A second major concern is that recent estimates of effect sizes especially for far transfer to reasoning and fluid intelligence appear to be much smaller than reported in the earliest working-memory studies. Therefore, perhaps our study did not have sufficient power to detect a training-related change in fluid intelligence. This seems possible given the results of recent meta-analyses (Au et al., 2015; Karbach & Verhaeghen, 2014; Melby-Lervåg & Hulme, 2013) reporting small effect sizes for far transfer. Based on these estimates, our current study would only have had a power of .81 to detect a group difference in Ravens (r =. 8) using a small effect size (f = .10) and we would have needed a sample size of 176 participants to achieve power of .95. Karbach and Verhaeghen (2014) have proposed that samples sizes of over 300 participants were necessary to achieve 80 % power and concluded that most studies to date have been underpowered. If this is correct, then power is a problem not only for the current study, but for most research conducted on working-memory training and transfer and the conclusions drawn from them.

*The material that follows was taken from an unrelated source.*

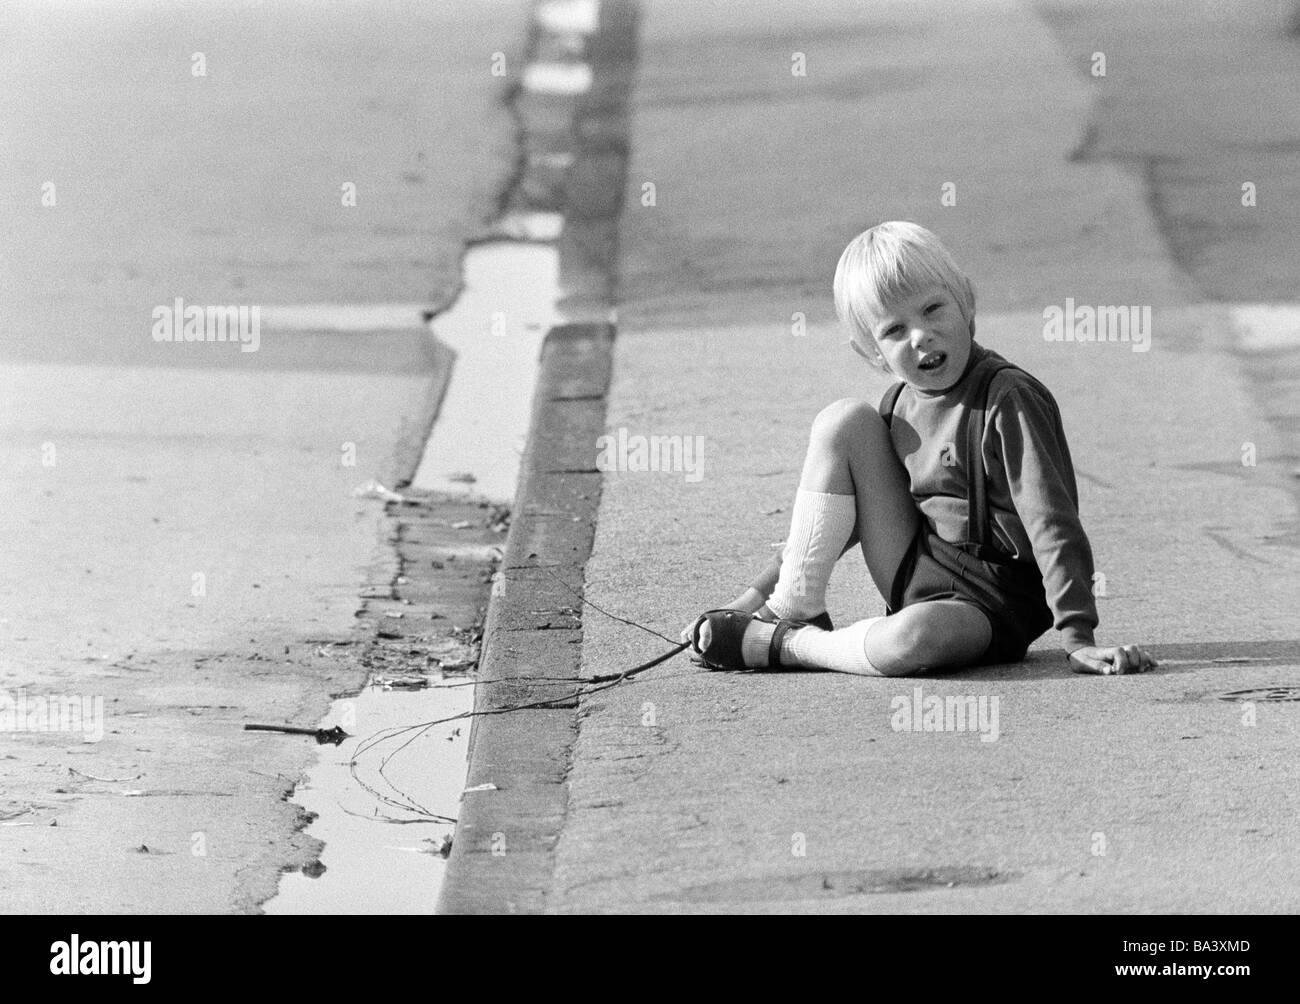 ann u00e9es 70  photo en noir et blanc  les gens  les enfants  petit gar u00e7on est assis sur un trottoir

Working-memory training and transfer remains a contentious area of research with some arguing that the evidence for far transfer is clear (Au et al., 2015; Jaeggi et al., 2014), while others remain skeptical (Haier, 2014; Redick, Melby-Lervåg, Hulme, & Grovak, 2014; Shipstead, Redick, & Engle, 2012). Certainly the results from our study and many others would suggest that the mechanisms underlying transfer are still not well understood. In our study, it would not appear that working-memory capacity was increased directly nor was the efficiency of working memory improved through the development and practice of different strategies. Instead our clearest evidence of transfer was from training on a spatial n-back, both adaptive and non-adaptive, to non-spatial n-back tasks. The use of Bayesian analyses was helpful in evaluating the extent to which our dataset favored the null hypothesis. In the cases of speed of processing and verbal working memory, the odds were greater than 10:1 in favor of the null model while more modest odds of approximately 3:1 in favor of the null were seen for visuo-spatial reasoning and working memory.

Conclusion

Our understanding of working-memory training continues to evolve at a rapid pace although key questions about the origins and breadth of transfer still remain. Given the large effect sizes reported in the earlier literature, we expected to observe far transfer in our study. However, it may be that such transfer is most easily found in certain subsets of the population and the effect size is much smaller than originally reported. Both merit serious consideration in future working-memory research and have important implications for the utility of working memory training in institutional settings such as schools (e.g., Rode, Robson, Purviance, Geary, & Mayr, 2014).